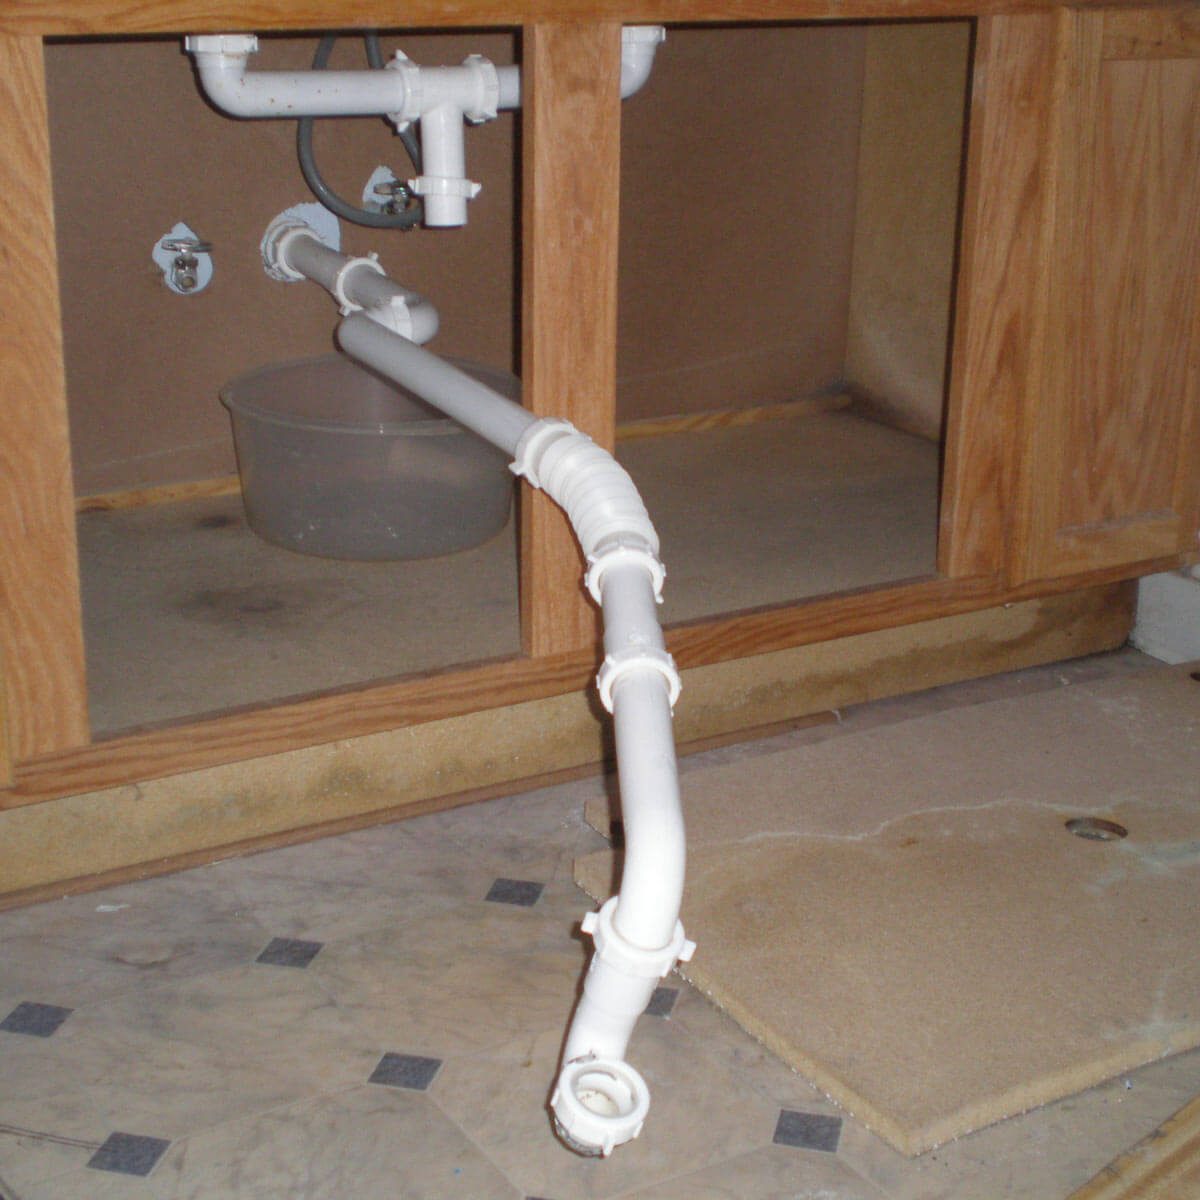 Roughing in for a centrally located sink
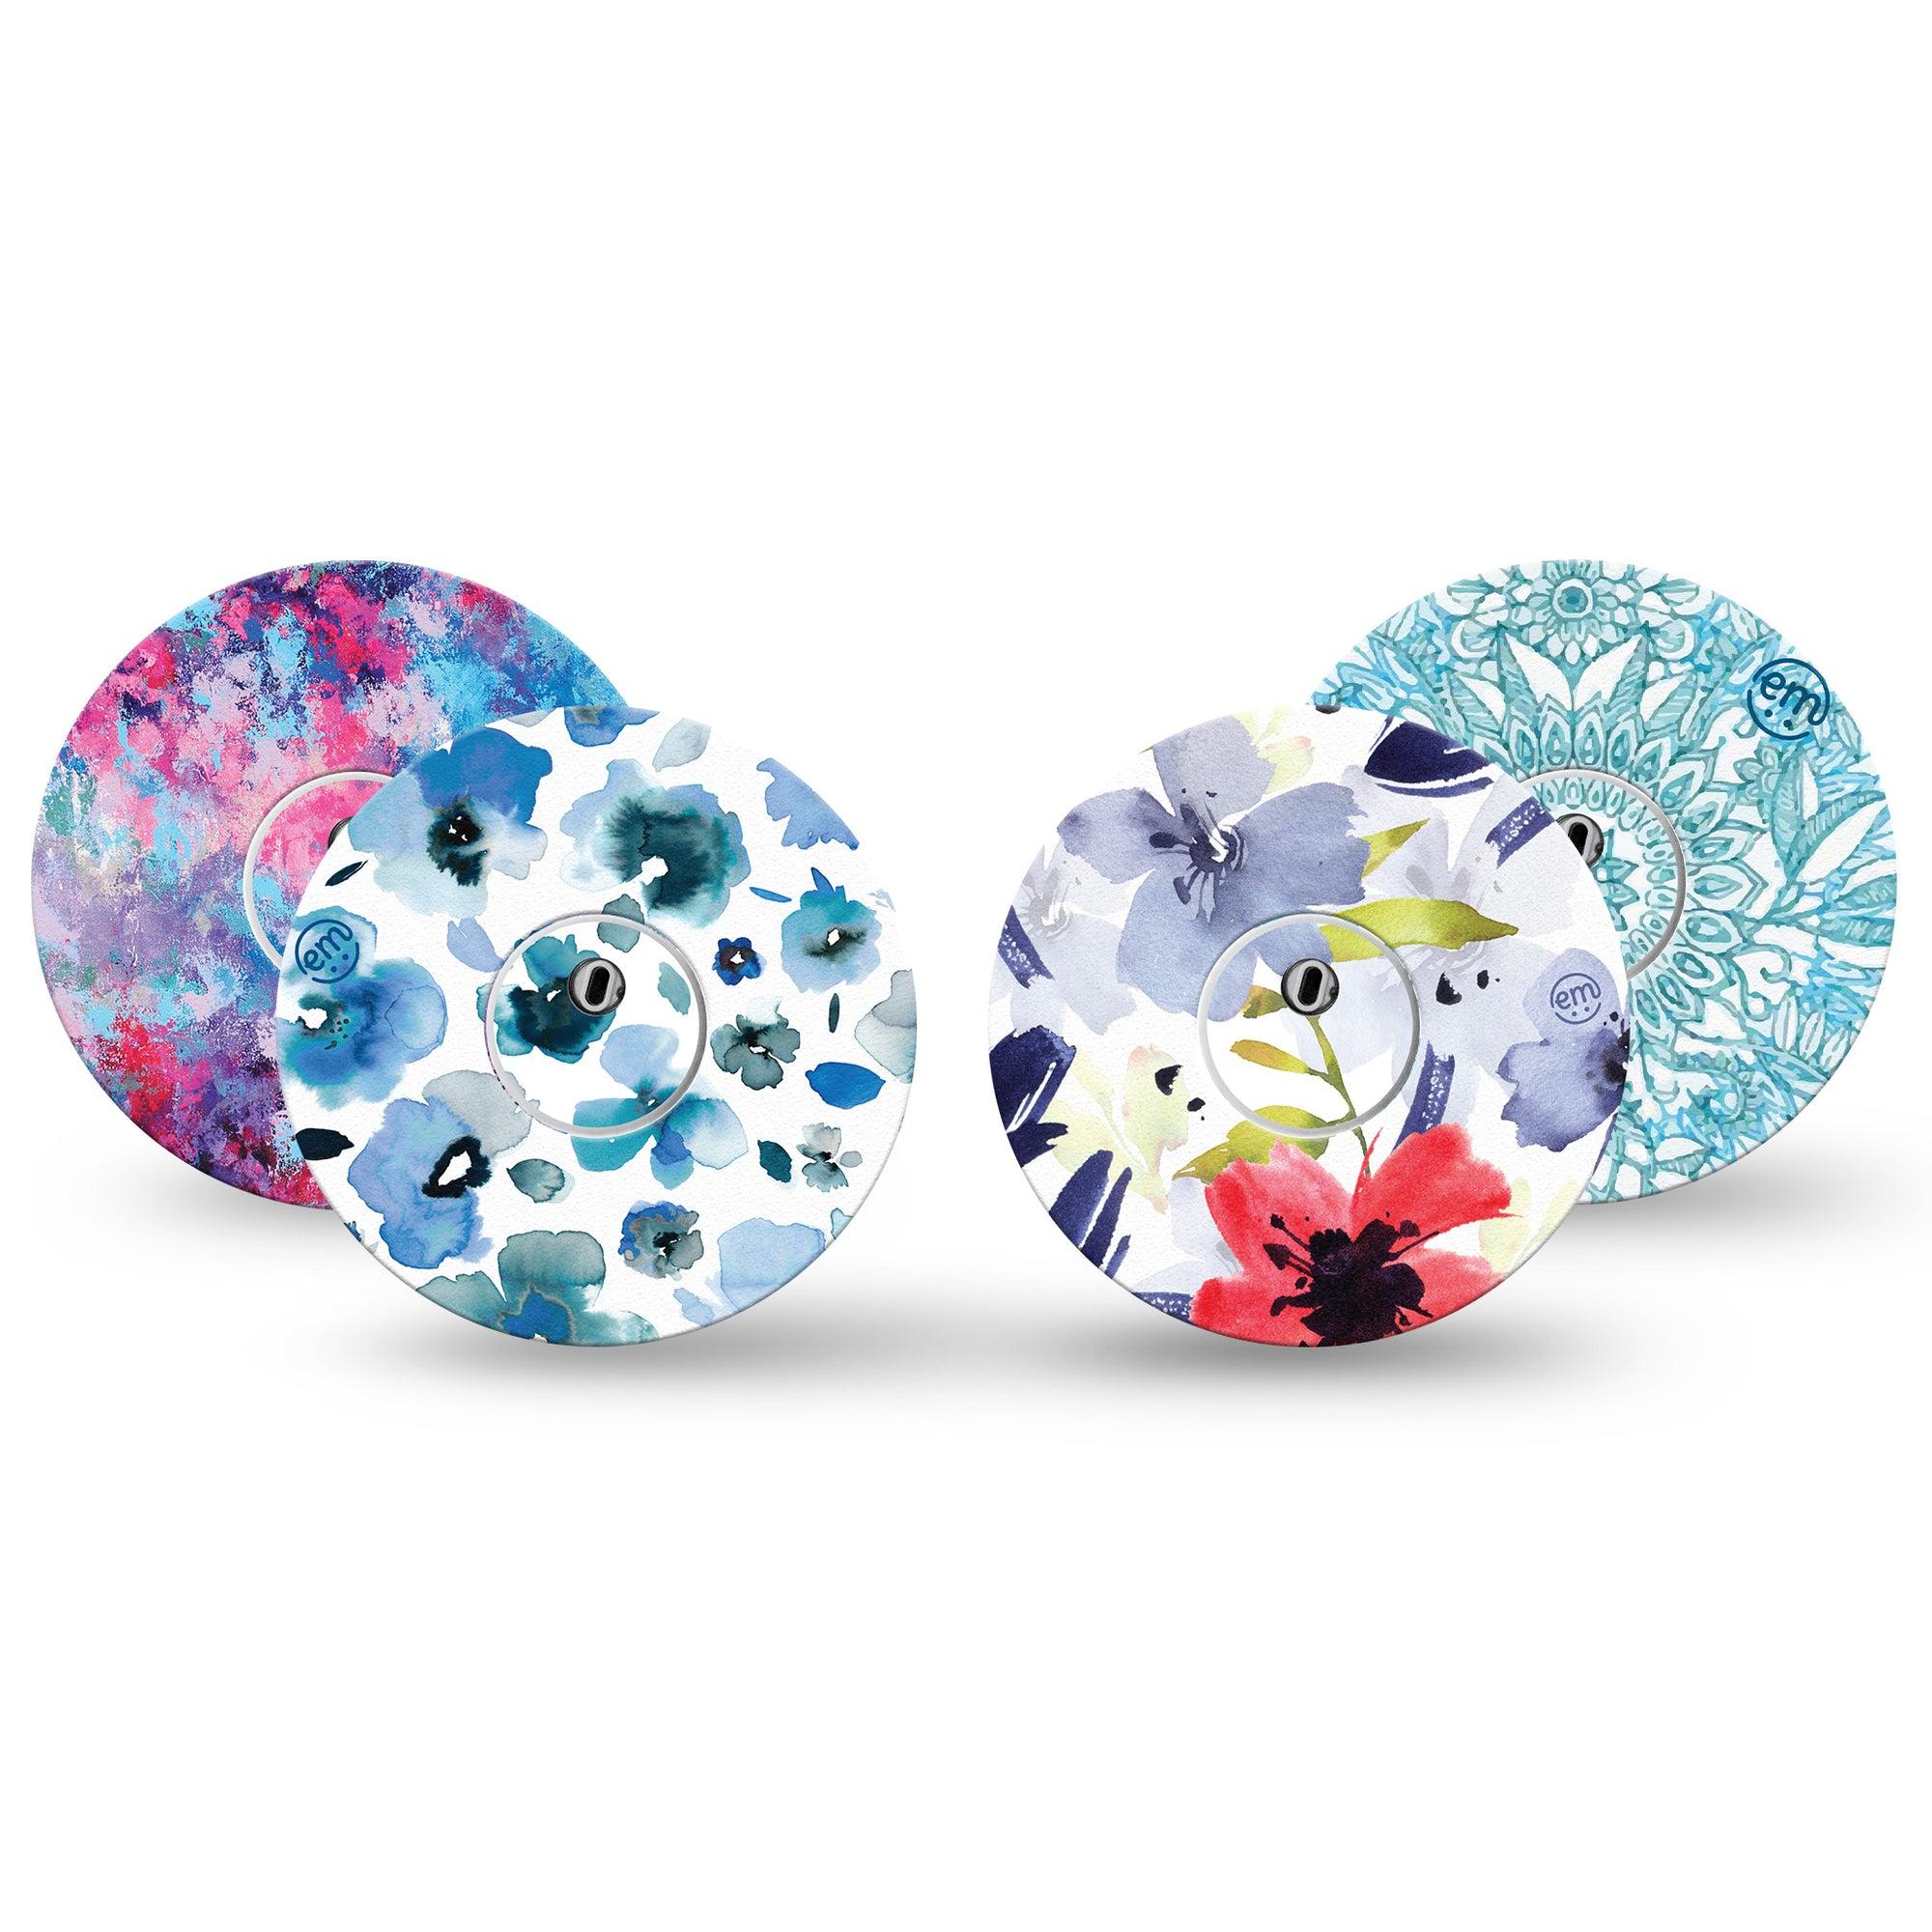 ExpressionMed Blue Blooms Variety Pack Libre 3 Transmitter Sticker, 4-Pack, Bluish Floral Mood Themed, Adhesive Tape and Center Sticker Design
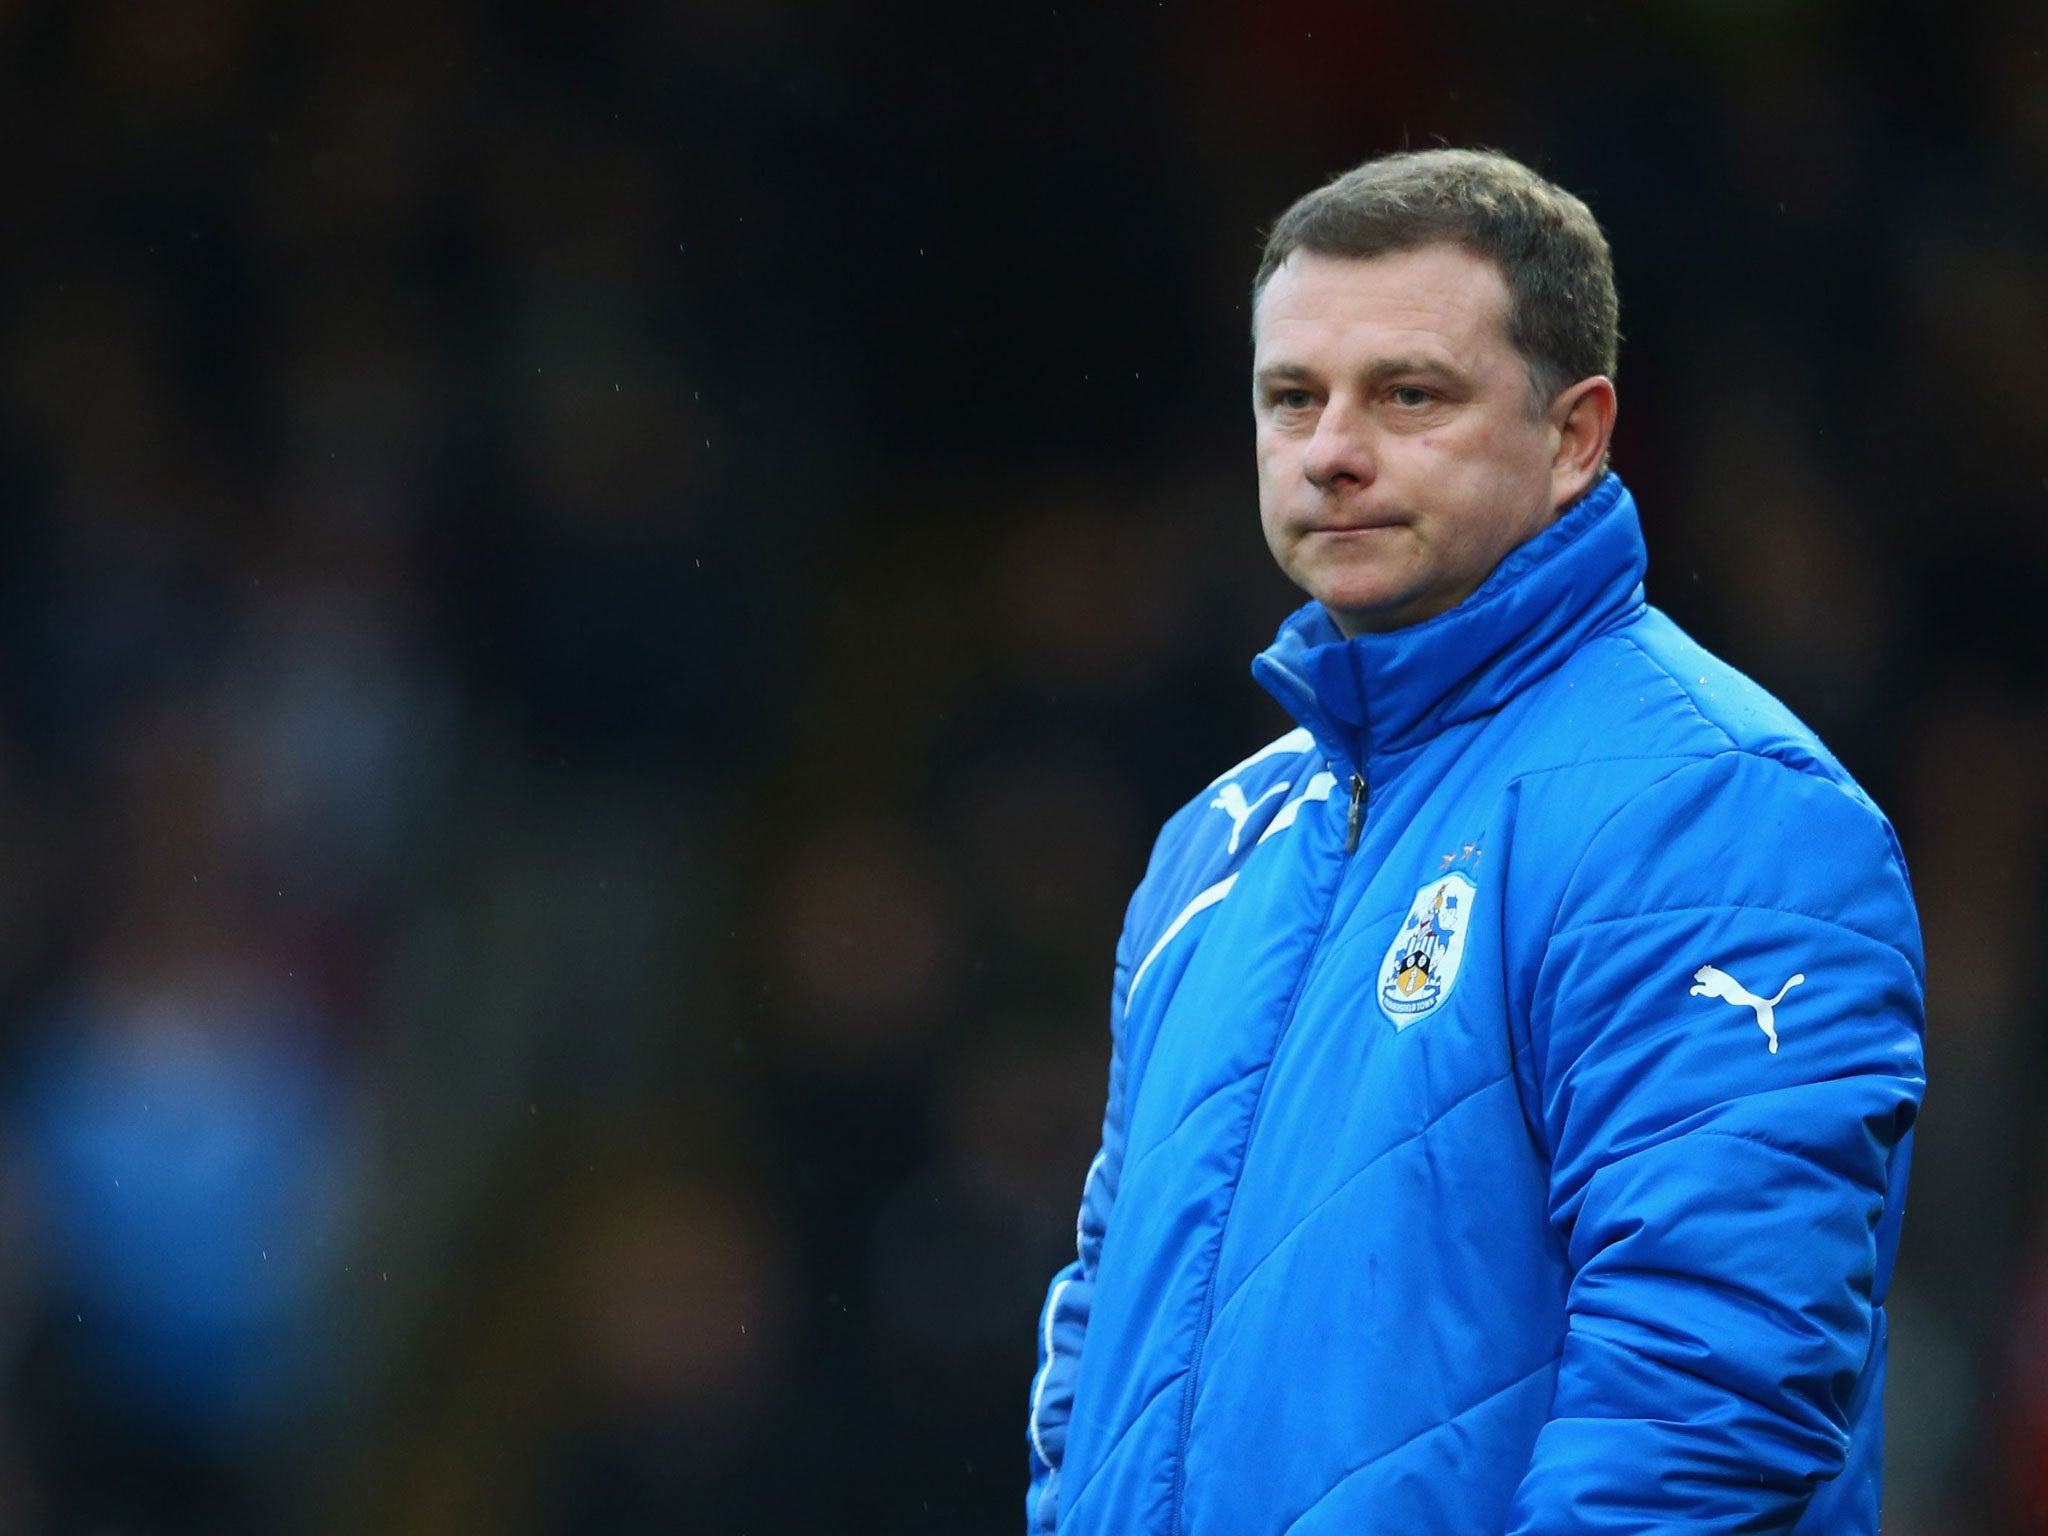 Mark Robins says he realised he really wanted to be a manager after overseeing a 5-1 home defeat

• • • • • • •

## What you have to do
The expected output is the whole listing, word for word, minus its pictures.

## Answer to the exercise
 Roughing in for a centrally located sink
 ExpressionMed Blue Blooms Variety Pack Libre 3 Transmitter Sticker, 4-Pack, Bluish Floral Mood Themed, Adhesive Tape and Center Sticker Design
 Mark Robins says he realised he really wanted to be a manager after overseeing a 5-1 home defeat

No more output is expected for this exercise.